Recorded information >>
-------------------------
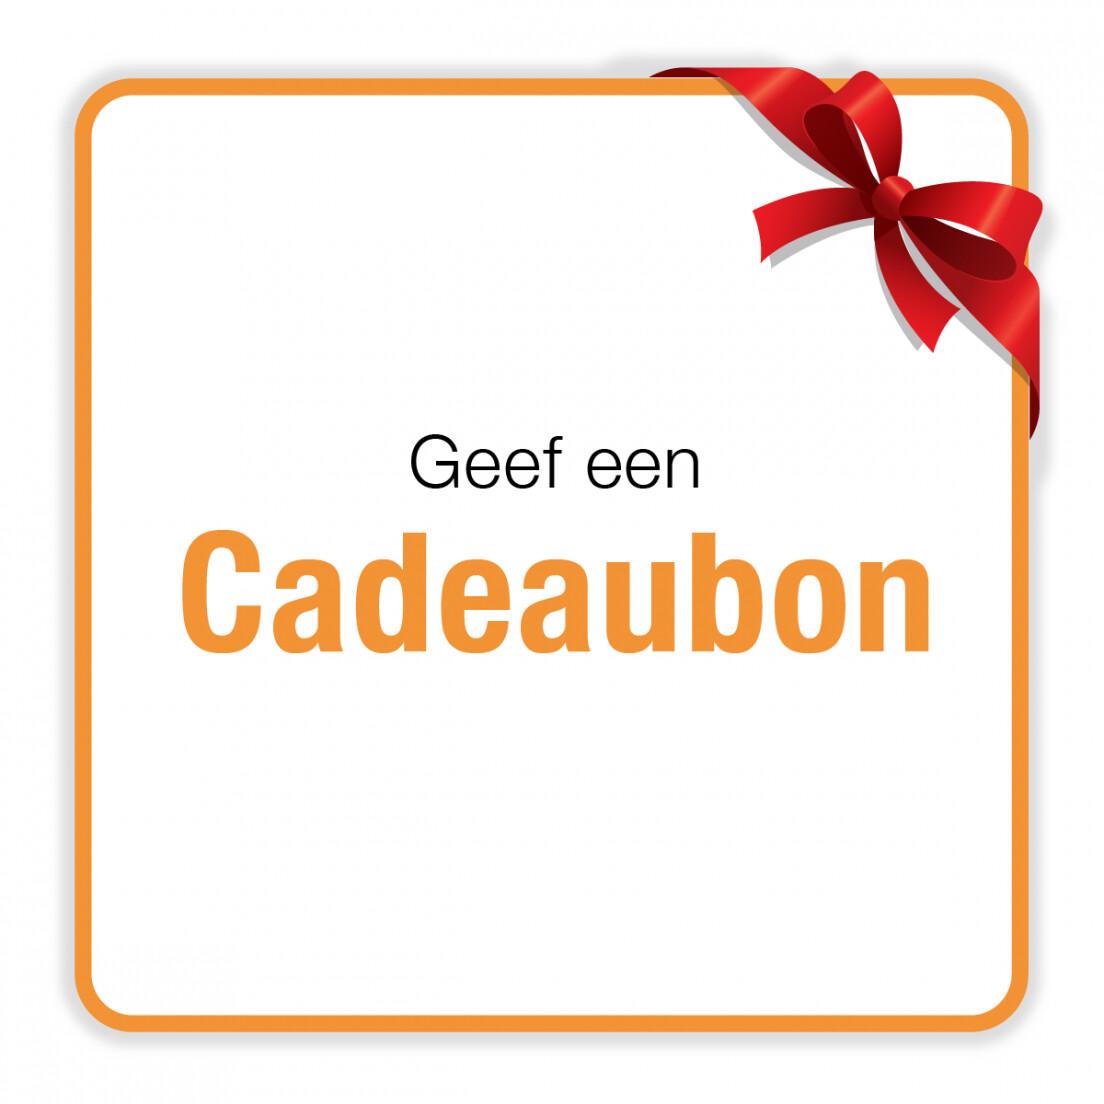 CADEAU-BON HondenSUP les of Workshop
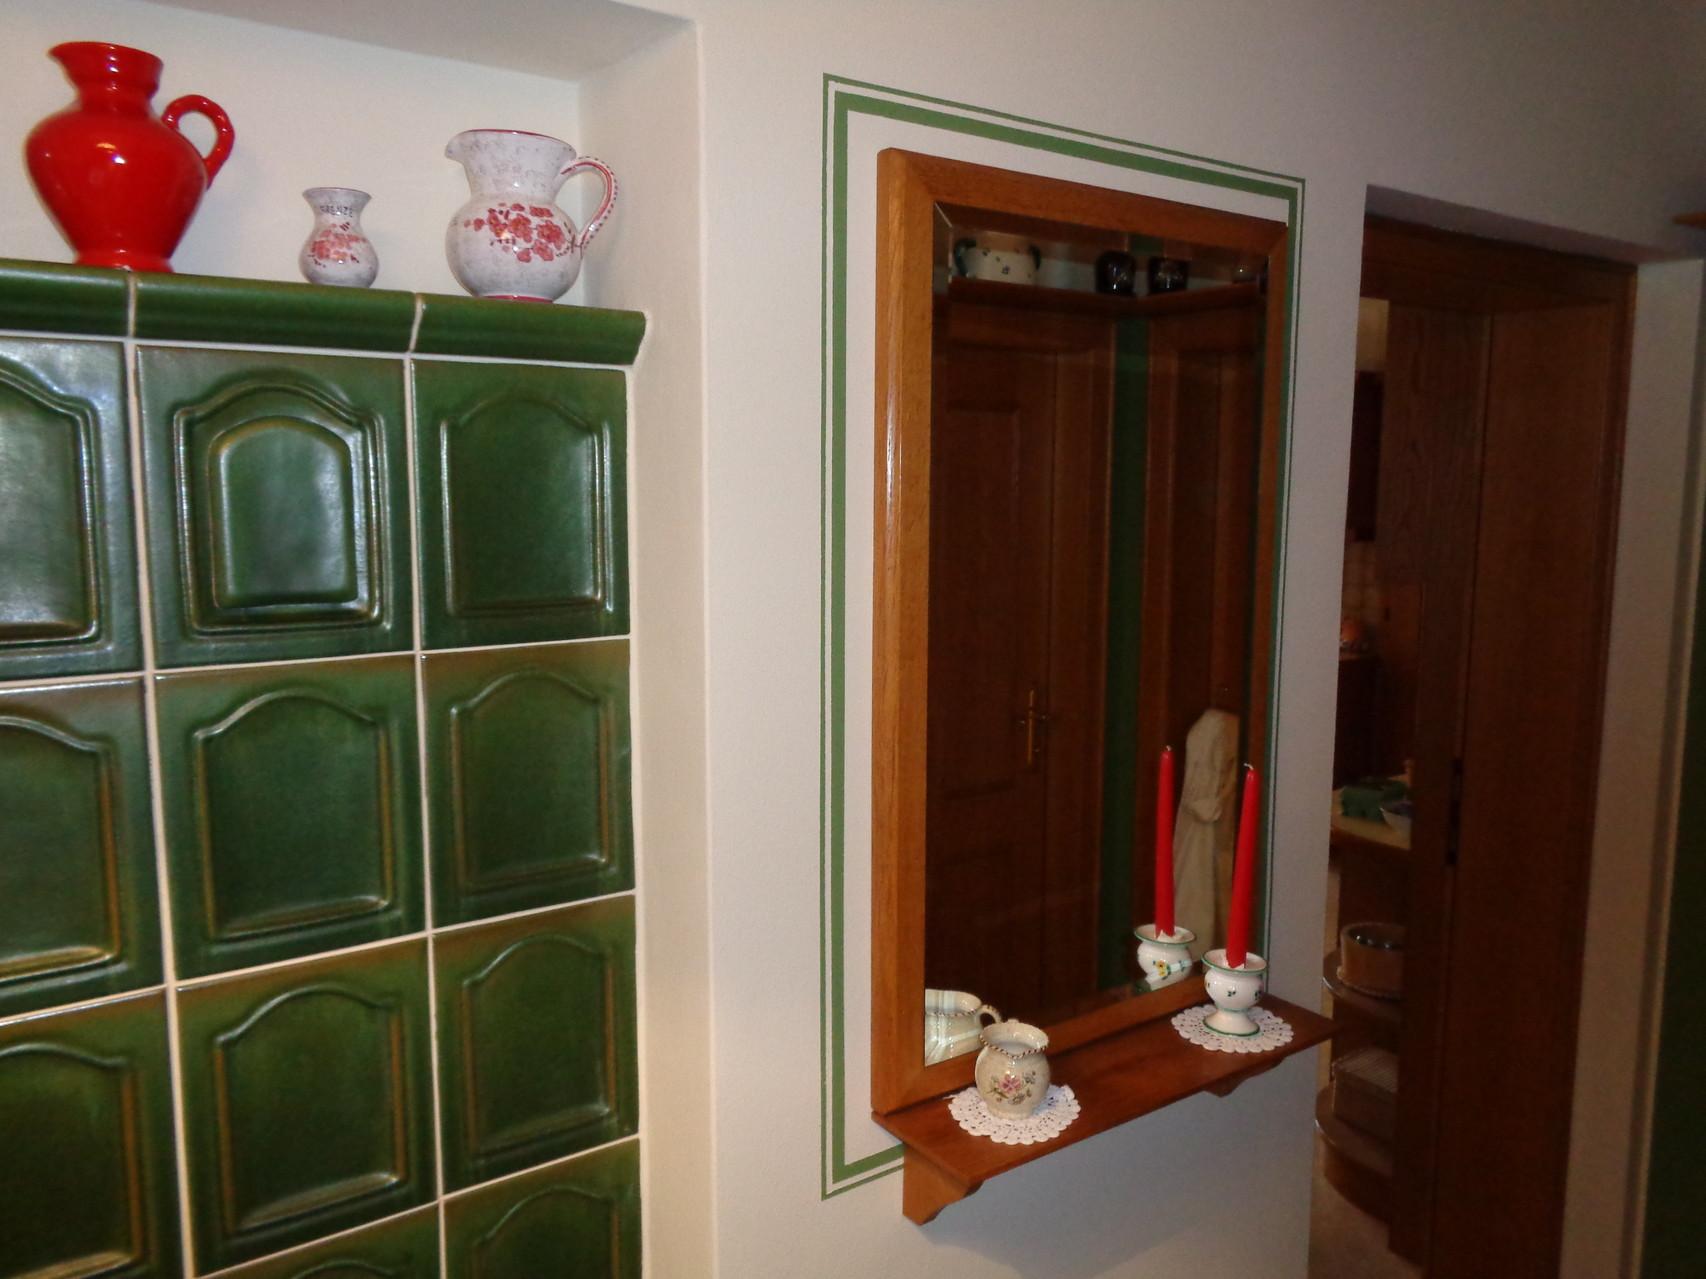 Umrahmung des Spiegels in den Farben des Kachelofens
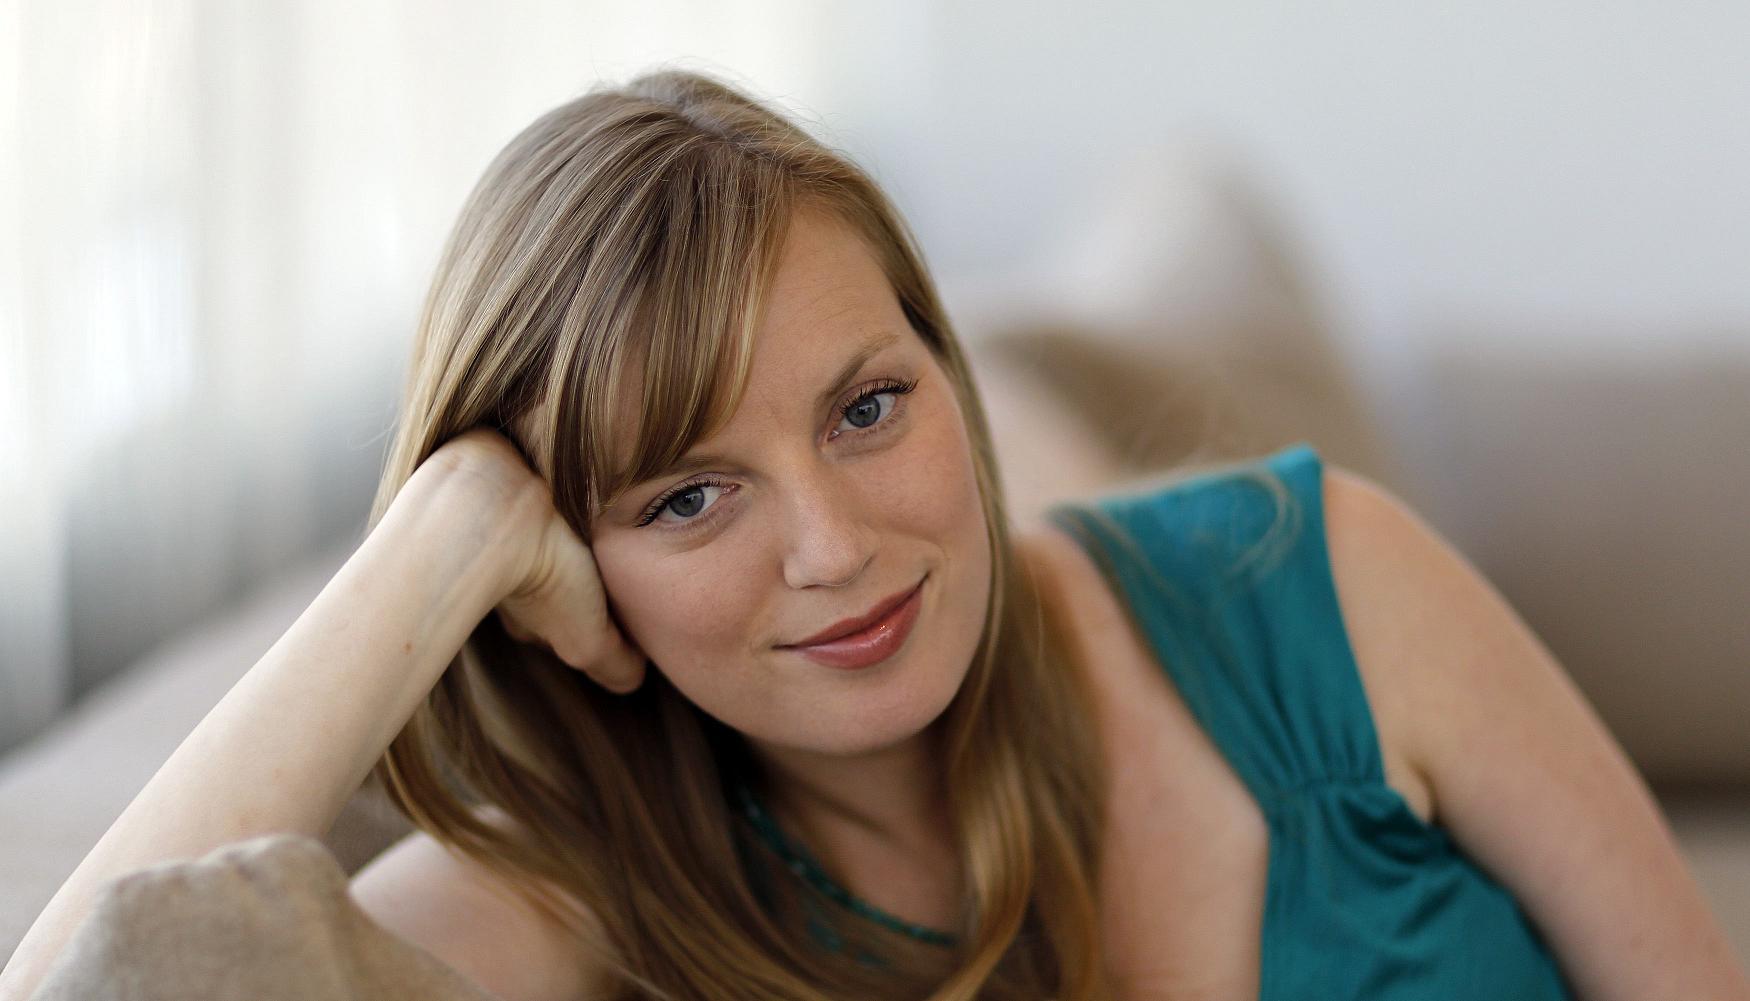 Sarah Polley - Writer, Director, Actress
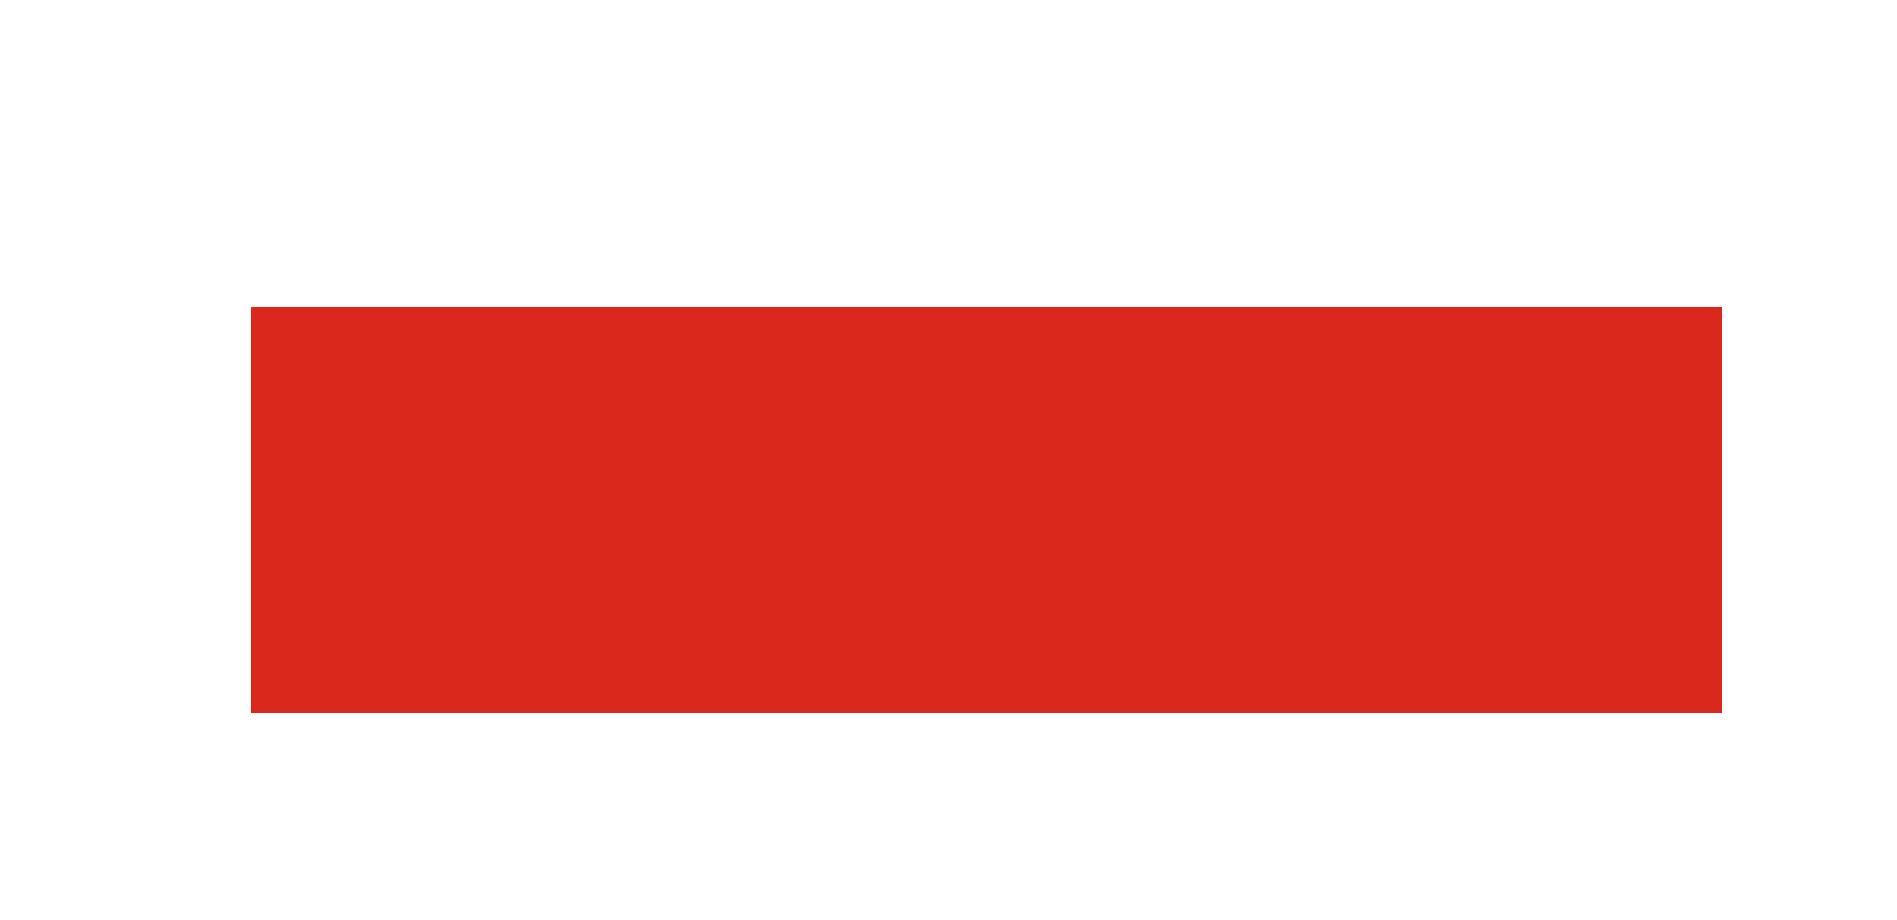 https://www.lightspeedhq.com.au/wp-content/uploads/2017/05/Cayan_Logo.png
-------------------------
Problem statement >>
Return all of the material above unchanged, minus its pictures.

Worked solution >>
 CADEAU-BON HondenSUP les of Workshop
 Umrahmung des Spiegels in den Farben des Kachelofens
 Sarah Polley - Writer, Director, Actress
 https://www.lightspeedhq.com.au/wp-content/uploads/2017/05/Cayan_Logo.png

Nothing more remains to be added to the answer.